Khoj uses Django models to manage its entities. Here are the key models and their relationships:

erDiagram
    KhojUser {
        int id PK
        string email
        string password_hash
        datetime created_at
    }

    SearchModelConfig {
        int id PK
        string name
        string model_type
        string bi_encoder
        string cross_encoder
    }

    ChatModelOptions {
        int id PK
        string chat_model
        string model_type
        int max_prompt_size
        int tokenizer
    }

    TextToImageModelConfig {
        int id PK
        string model_name
        string model_type
    }

    Conversation {
        int id PK
        int user FK
        json conversation_log
        string slug
        string title
        datetime created_at
    }

    Entry {
        int id PK
        int user FK
        string raw
        string compiled
        string heading
        string file_path
        string file_type
        vector embeddings
        datetime created_at
    }

    KhojUser ||--o{ Conversation : "has"
    KhojUser ||--o{ Entry : "owns"
    Conversation }o--|| ChatModelOptions : "uses"
    Entry }o--|| SearchModelConfig : "indexed_by"

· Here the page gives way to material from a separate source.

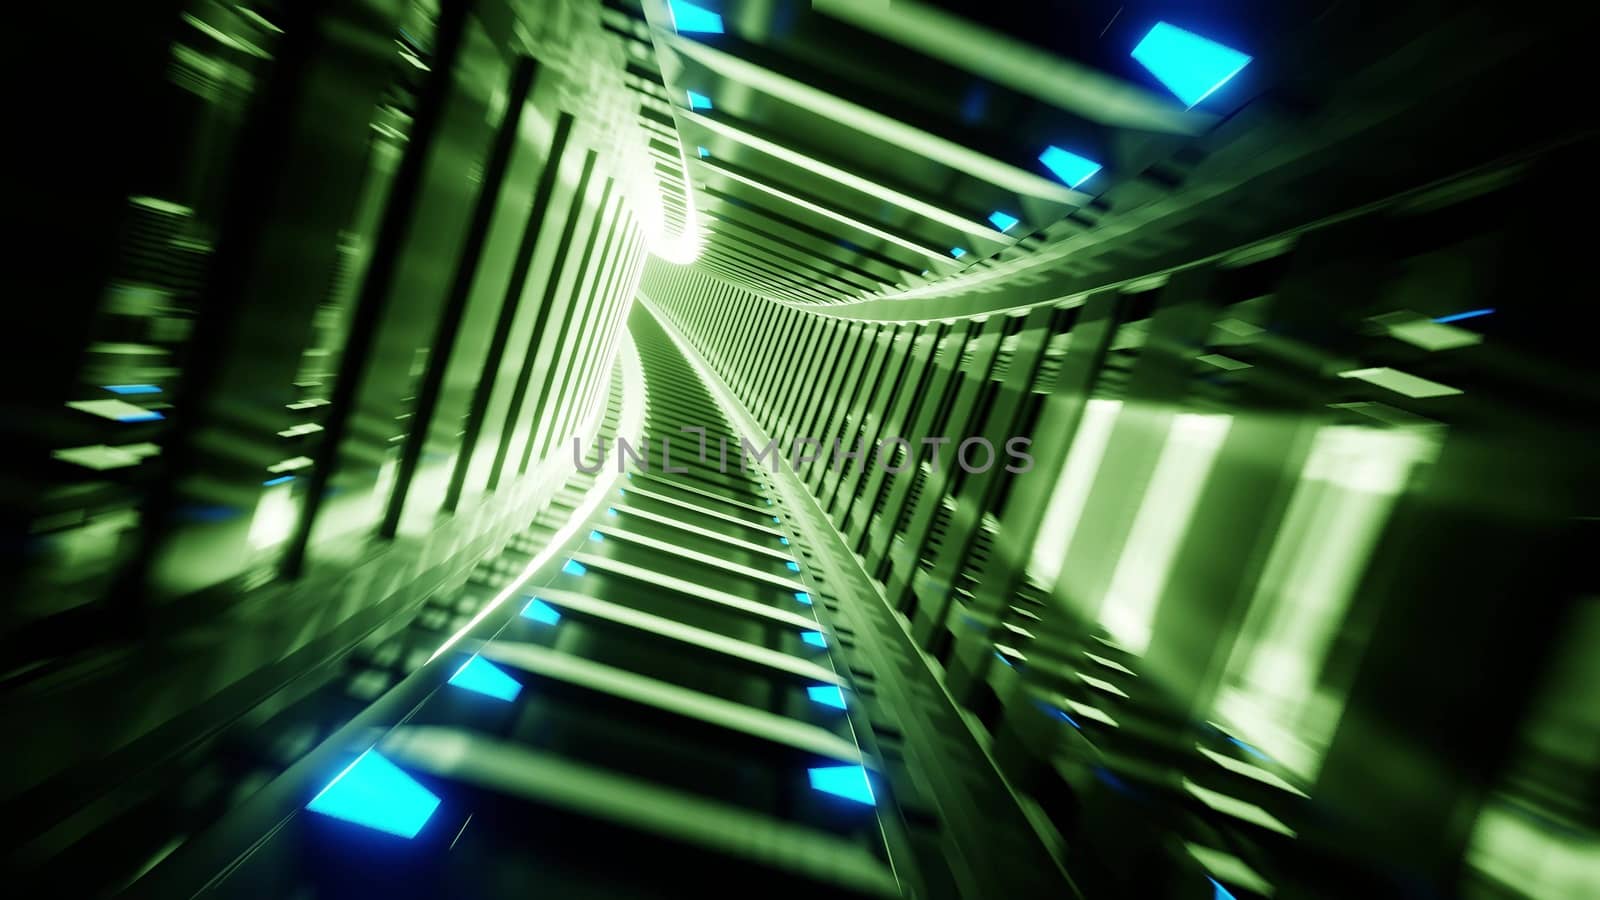 abwtract glowing futuristic scifi subway tunnel corridor 3d rendering wallpaper background design by tunnelmotions
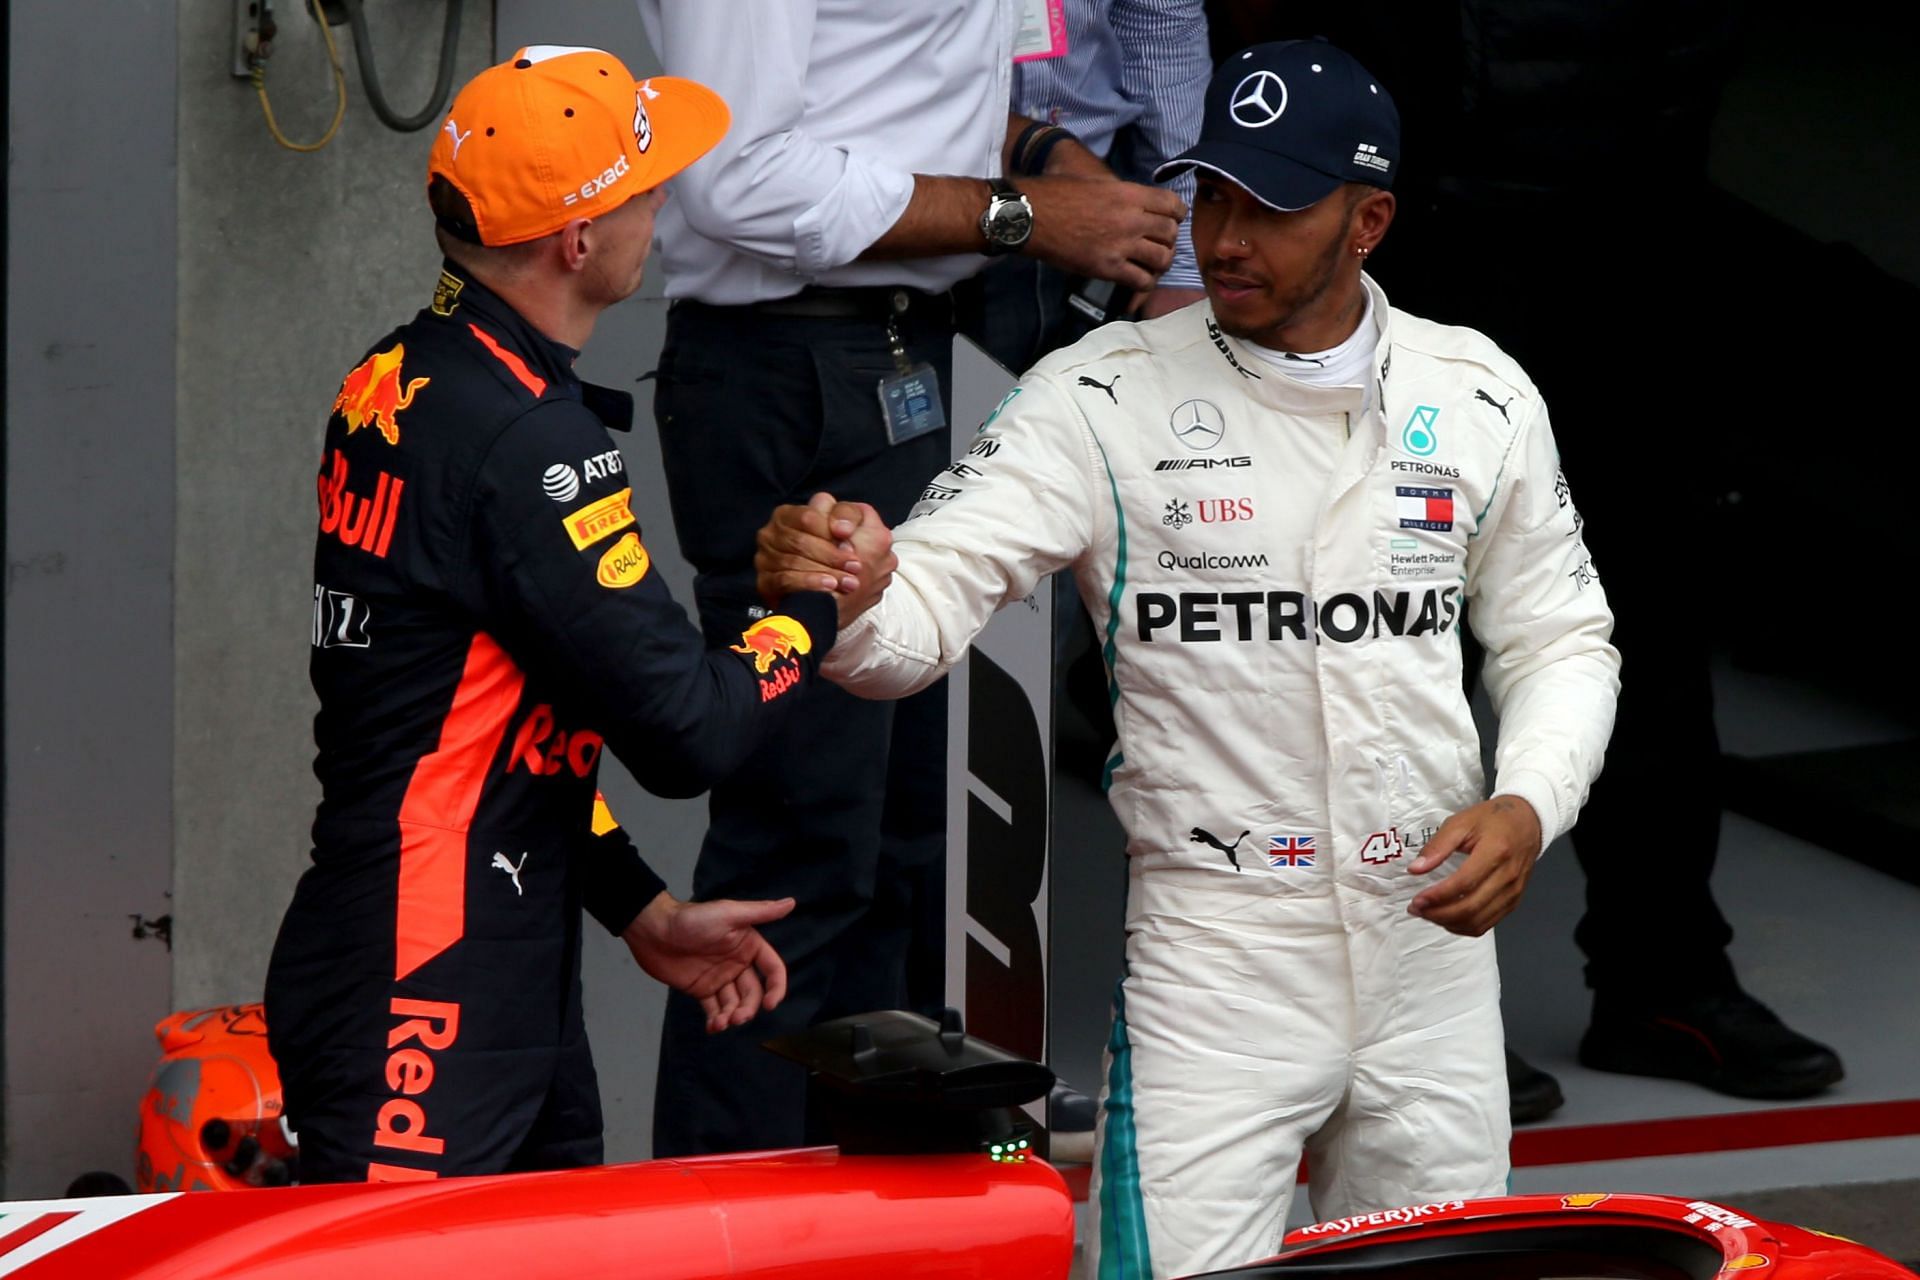 Max Verstappen and Lewis Hamilton will resume their rivalry this season

# Simplified representation of Khoj's core Django models
from dataclasses import dataclass, field
from typing import Optional
from datetime import datetime

@dataclass
class KhojUser:
    """Represents a Khoj user with their preferences."""
    id: int
    email: str
    created_at: datetime = field(default_factory=datetime.now)

@dataclass
class Entry:
    """
    Core data unit in Khoj. Each entry represents a chunk of
    indexed content with its embedding vector.
    """
    id: int
    user: KhojUser
    raw: str                    # Original raw content
    compiled: str               # Processed/cleaned content
    heading: Optional[str]      # Section heading if available
    file_path: str              # Source file path
    file_type: str              # markdown, org, pdf, etc.
    embeddings: list[float]     # Vector embedding
    corpus_id: int              # Unique ID within the corpus
    created_at: datetime = field(default_factory=datetime.now)

@dataclass
class Conversation:
    """Stores a chat conversation with full history."""
    id: int
    user: KhojUser
    conversation_log: dict      # Full message history
    slug: str                   # URL-friendly identifier
    title: Optional[str] = None
    created_at: datetime = field(default_factory=datetime.now)

@dataclass
class SearchModelConfig:
    """Configuration for the search embedding model."""
    name: str
    model_type: str             # bi_encoder, cross_encoder
    bi_encoder: str             # e.g., "sentence-transformers/all-MiniLM-L6-v2"
    cross_encoder: str          # e.g., "cross-encoder/ms-marco-MiniLM-L-6-v2"
    embeddings_inference_endpoint: Optional[str] = None

print("Core models define the data backbone of Khoj")

The Indexing Pipeline

The indexing pipeline is responsible for transforming raw documents into searchable embeddings. This is one of the most critical components of Khoj's architecture.

flowchart LR
    subgraph Ingestion["1. Ingestion"]
        A[File Watcher] --> B[Content Detector]
        B --> C{File Type?}
        C -->|Markdown| D[MD Parser]
        C -->|Org-mode| E[Org Parser]
        C -->|PDF| F[PDF Parser]
        C -->|Plaintext| G[Text Parser]
    end

    subgraph Processing["2. Processing"]
        D --> H[Text Chunker]
        E --> H
        F --> H
        G --> H
        H --> I[Metadata Extractor]
        I --> J[Content Compiler]
    end

    subgraph Embedding["3. Embedding"]
        J --> K[Batch Generator]
        K --> L[Embedding Model]
        L --> M[Vector Normalization]
    end

    subgraph Storage["4. Storage"]
        M --> N[Entry Creation]
        N --> O[(PostgreSQL + pgvector)]
    end

    classDef ingest fill:#e3f2fd,stroke:#1565c0
    classDef process fill:#fff3e0,stroke:#e65100
    classDef embed fill:#f3e5f5,stroke:#7b1fa2
    classDef store fill:#e8f5e9,stroke:#2e7d32

    class A,B,C,D,E,F,G ingest
    class H,I,J process
    class K,L,M embed
    class N,O store

Text Chunking Strategy

Khoj uses intelligent text chunking to split documents into meaningful segments:

from dataclasses import dataclass

@dataclass
class ChunkConfig:
    """Configuration for text chunking."""
    max_tokens: int = 256
    overlap_tokens: int = 32
    split_by_heading: bool = True
    preserve_paragraphs: bool = True

def chunk_document(content: str, config: ChunkConfig) -> list[dict]:
    """
    Demonstrates Khoj's document chunking approach.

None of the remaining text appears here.